Calle de Enrique D'Almonte

Fuente del Berro

The street takes its name from Enrique d’Almonte y Muriel (1858-1917), a cartographer and geographer who mapped the Spanish colonies of the Philippines, Spanish Guinea and the Sahara. He died in the sinking of the steamer Carlos de Eizaguirre, blown up by a mine laid by the German cruiser Wolf near Cape Town on 26 May 1917.

The calle de Enrique D’Almonte recalls a cartographer who spent his life drawing the edges of the Spanish empire just as that empire was fading.
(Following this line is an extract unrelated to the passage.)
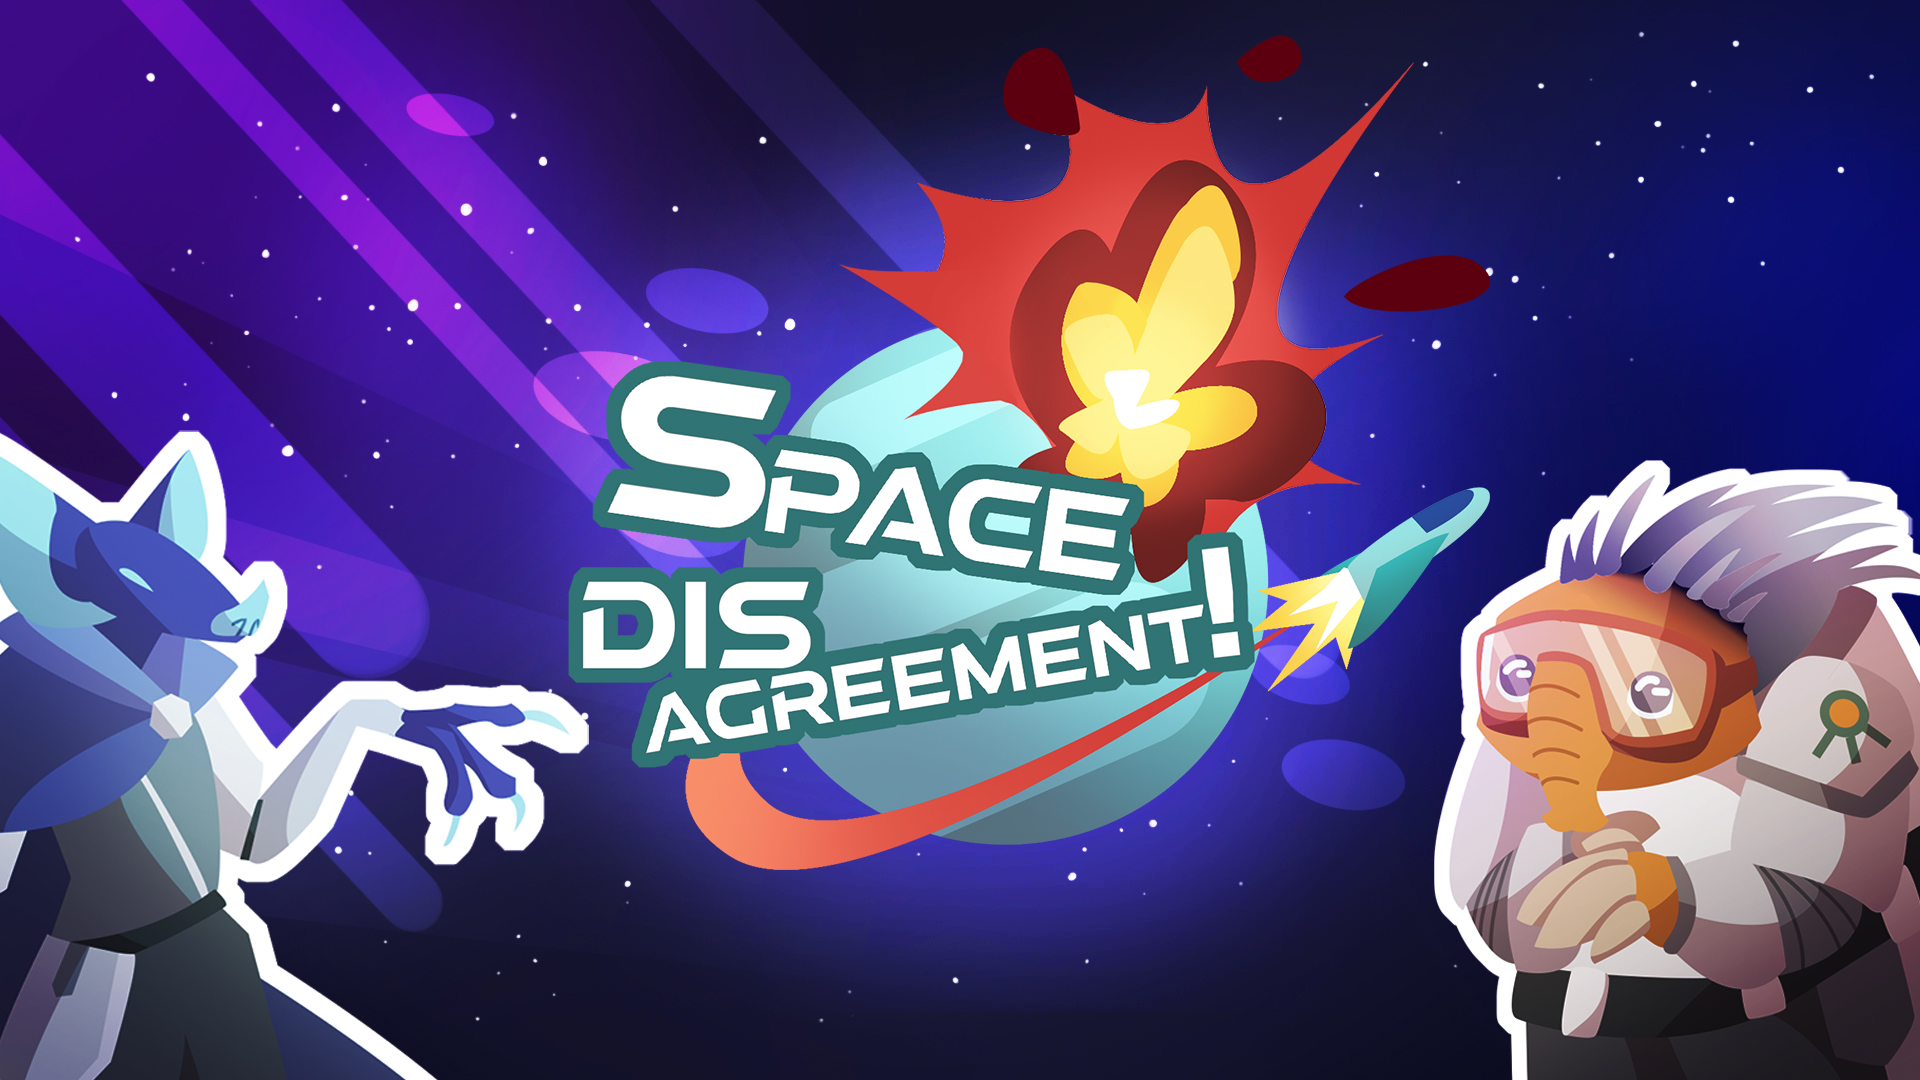 Space Disagreement!

He was born in 1858, and the confusion starts right there: the records say Seville, but the Royal Academy of History places him in Cádiz. The man who drew exact maps of half the world left his own birth without firm coordinates. In 1880 he sailed for the Philippines, where he worked almost eighteen years mapping Luzon and other islands. When Spain lost its Asian colonies, he turned his gaze to Africa: between 1901 and 1911 he helped fix the borders of Spanish Guinea and catalogued nearly three thousand plant species; in 1913 he mapped the Sahara in four sheets at a scale of 1:1,000,000. His end has something of a novel. On 26 May 1917 he was aboard the steamer Carlos de Eizaguirre when the ship struck a mine near Cape Town, laid by the German raider Wolf. Of the 159 people aboard, 134 died, among them the man who had known how to find his bearings on three continents.